Como se puede apreciar es de destacar el minucioso análisis que los autores realizan de cada una de las variantes, síndromes y fenotipos de la EA en los que la edad de comienzo, el perfil genético y las comorbilidades modifican el fenotipo de la EA.
Cabe agregar que otros expertos se han dedicado a establecer subtipos de EA, como por ejemplo Bredesen, de la Universidad de California, quien en la revista Aging,3 en 2015, menciona tres subtipos de EA según el perfil metabólico de los pacientes:
1. Alzheimer inflamatorio: subtipo de Alzheimer en el que los niveles séricos de marcadores como la PCR o la albúmina aumentan.
2. Alzheimer no inflamatorio: subtipo de Alzheimer en el que los marcadores inflamatorios no se incrementan, pero existen otras alteraciones metabólicas.
3. Alzheimer cortical: subtipo de Alzheimer que afecta a personas relativamente jóvenes, distribuyéndose más ampliamente a nivel cerebral que los otros subtipos de la enfermedad. Al principio no parece causar pérdida de memoria, pero sí hay pérdida de capacidades lingüísticas. A menudo se llega a un diagnóstico erróneo, y típicamente afecta a personas sin genes relacionados con EA, asociándose también con déficit significativos de cinc.
Estudios más recientes como el de Ten Kate, Dicks, Visser y colaboradores, publicado en Brain4 en 2018, refieren la existencia de subtipos de atrofia de la EA en la etapa prodrómica, en la que la atrofia del lóbulo temporal medial (ALTM) es un predictor de la demencia por EA. Este estudio incluyó 603 personas con EA prodrómica, identificándose cuatro subtipos de atrofia. Aparte del grupo clásico de ALTM con alteración mnemónica, del lenguaje y edad avanzada, se hallaron otros tres grupos: uno de atrofia parietooccipital con funciones ejecutiva/atención y visuoespacial deficiente, otro con atrofia leve con una cognición algo mejor y edad joven, y un subtipo con atrofia cortical difusa y características cognitivas intermedias.

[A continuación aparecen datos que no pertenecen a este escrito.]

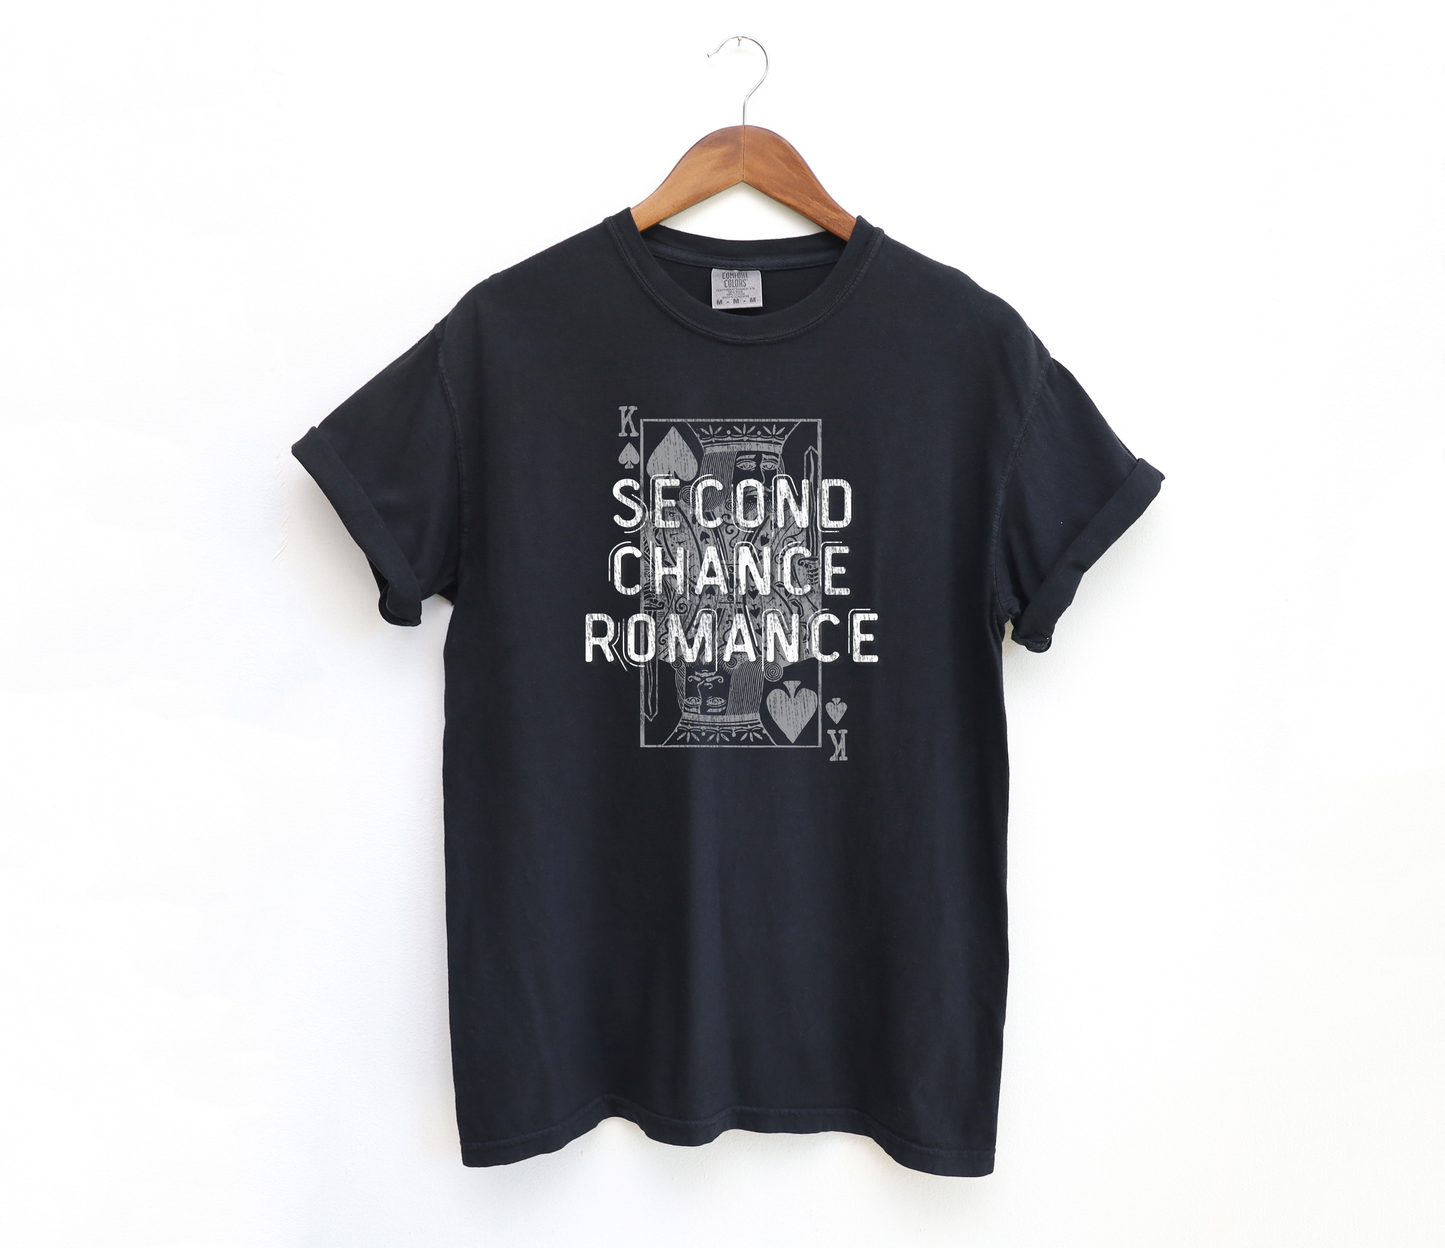 second chance romance t-shirt in black

El concepto de la identificación de las variantes de la EA tiene implicaciones trascendentales para el diagnóstico preciso, como para alternativas terapéuticas y como bien refieren Lam, Masellis y su grupo para el diseño de estudios o ensayos clínicos, pues existen potenciales respuestas diferentes de las planificaciones y manejos terapéuticos.
En síntesis, el artículo confeccionado por dichos autores actualiza varias alternativas sobre el espectro de la EA. Se ratifica que es un trastorno heterogéneo en el que comprender las bases biológicas de esta heterogeneidad es clave para desarrollar una medicina personalizada.